Они уже во дворе, трава в росе под ногами, Костя чувствует. Заяц-поводырь по-прежнему за ремень тянет. Со стороны, наверное, та еще картина, но кто увидит? Никто. Скрип ржавых петель, дверца сортира, должно быть. Вталкивает Заяц его в дурно пахнущее пространство, снимает мешок и наручники.
– Сри, Американец. А это тебе на подтирку, – и сует газетные листки смятые.
Сидит Костя на толчке на корточках, не торопится, с прессой знакомится. Смешно сказать, действительно, «Газета» называется, за 29 января. Как сюда попала, кого бандюки зимой здесь прятали… Интересно читать про Россию, в то время Костя еще в Нью-Йорке находился: церковь православная брала, похоже, взятки от Саддама, девушку-нацменку забили битой бейсбольной, капитан «Спартака» Титов на допинге пойман, дешевых квартир в Москве не будет, один квадратный метр более полутора тысяч баксов – нью-йоркские цены, отдых в Турции летом подорожать может на двадцать процентов – он с подругой так называемой отдыхал там, наверное, еще по старым ценам, умер в Лондоне архивариус КГБ, переписанные от руки документы вывезший за границу… И тут натыкается на заметку об убийстве некоего Андрея Лобяна двадцати трех лет, похищенного бандитами, от отца его требовавшими два миллиона долларов. Зацикливается Костя на нескольких десятках строк. Лобян-старший в милицию обратился, по совету ментов тянуть стал с выкупом за сына, переговоры вел, при передаче части денег одного из преступников взяли, потом на остальных вышли, да только парня они к тому времени уже убили, тело расчленили и в реке утопили. Такая вот история веселенькая, словно нарочно для заложника, в вонючем сортире сидящего, приготовлена. И приписка редакционная: случаи, когда вымогатели убивают заложников, крайне редки – без учета данных по Чечне. Ну, спасибо, утешили.

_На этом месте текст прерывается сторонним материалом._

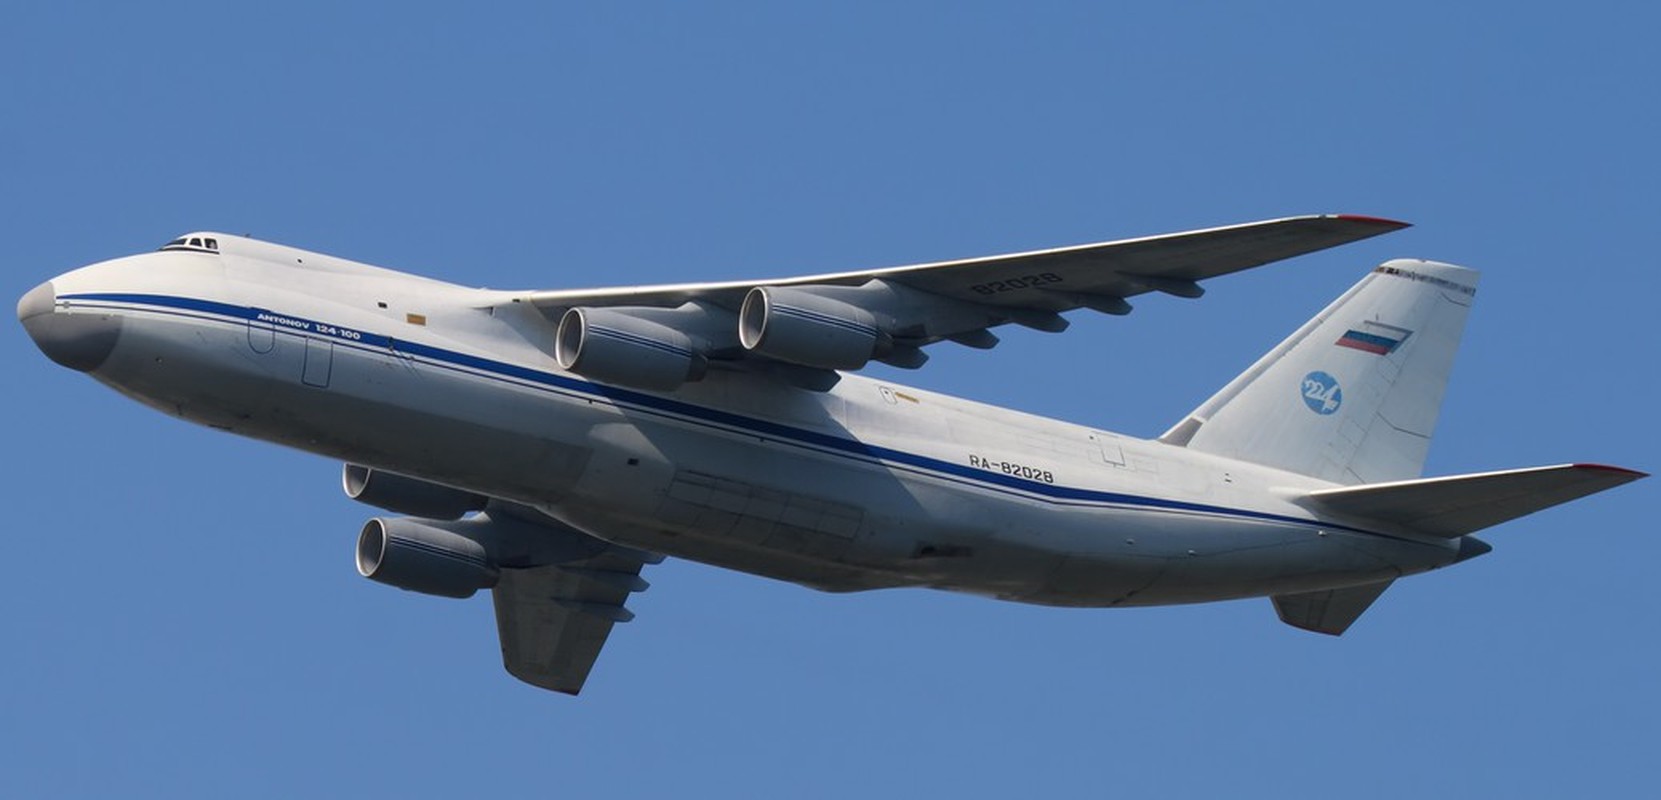 Nga kho khan khi nang cap may bay An-124 do cang thang voi Ukraine-Hinh-7

Заяц нетерпеливо в дверцу стучит:
– Заснул, что ли, Американец? Давай быстрей.
Выскочить рывком, ударить Зайца под дых или ногой по яйцам и в лесок, а там ищи ветра в поле. Нет, не получится: этот гад тренированный, весь из мускулов и мышц, в два раза моложе Кости, не справиться с ним. А не удастся побег, бить будут, мучить, истязать.

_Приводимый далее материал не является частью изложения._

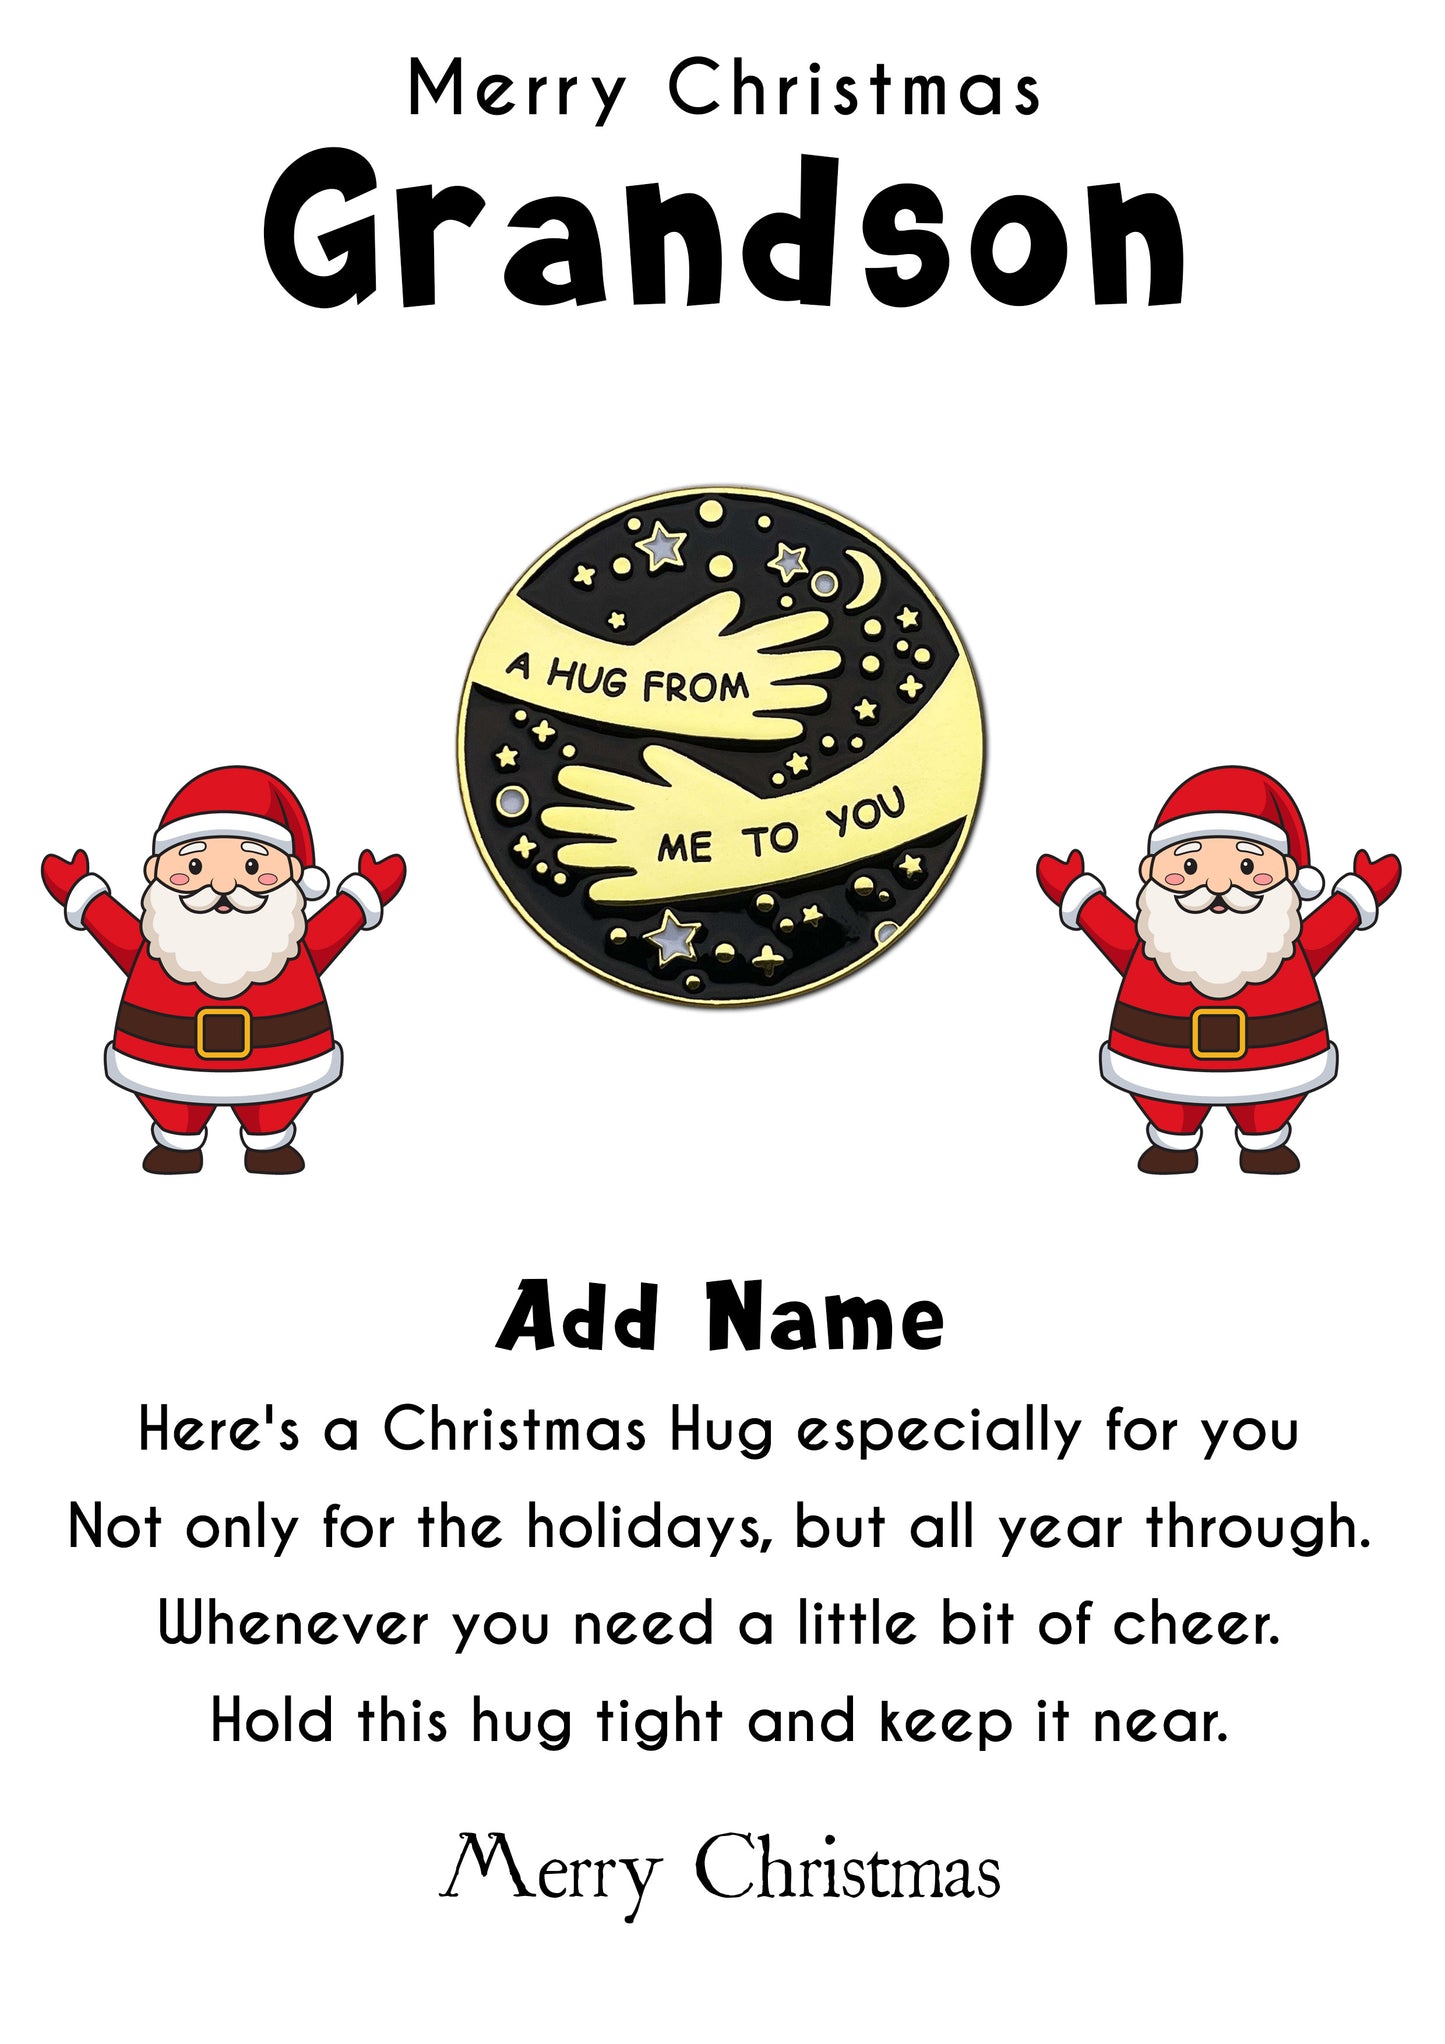 Santa Claus Hug Pin Badges & Personalised Grandson Message Card

На завтрак снова бутерброды и чай. После еды Энимал садится напротив, закуривает, достает из сумки Костиной страницы компьютерного набора – две главы книги, которые в издательство вез Костя показать и не довез.
– Ты, я вижу, писатель, сочиняешь ро́маны, – с ударением на первый слог. – Я полночи читал. Интересно закручиваешь.
Бросает писанину обратно в сумку, дымом Косте в лицо:
– Звони корешу своему. Некогда турусы на колесах разводить.
– Рано еще.
– Как рано? День прошел.
– Банк мой в Нью-Йорке, дочь в четырех часах езды живет. В лучшем случае завтра звонить надо.
– Кончай базарить. Звони, е… твою мать.
Бессмысленно, Энимал.
В ответ удар в лицо. Из носа течет кровь, и губа, кажется, рассечена.
– На, утри сопли, – Энимал бросает тряпку, на прикроватной тумбе лежавшую. – Еще раз вякнешь, в порошок сотру. Звони, падла…
– Не могу, – мычит Костя, нос и рот ладонью зажимает.
Заяц, принеси воды, дай этому уроду умыться.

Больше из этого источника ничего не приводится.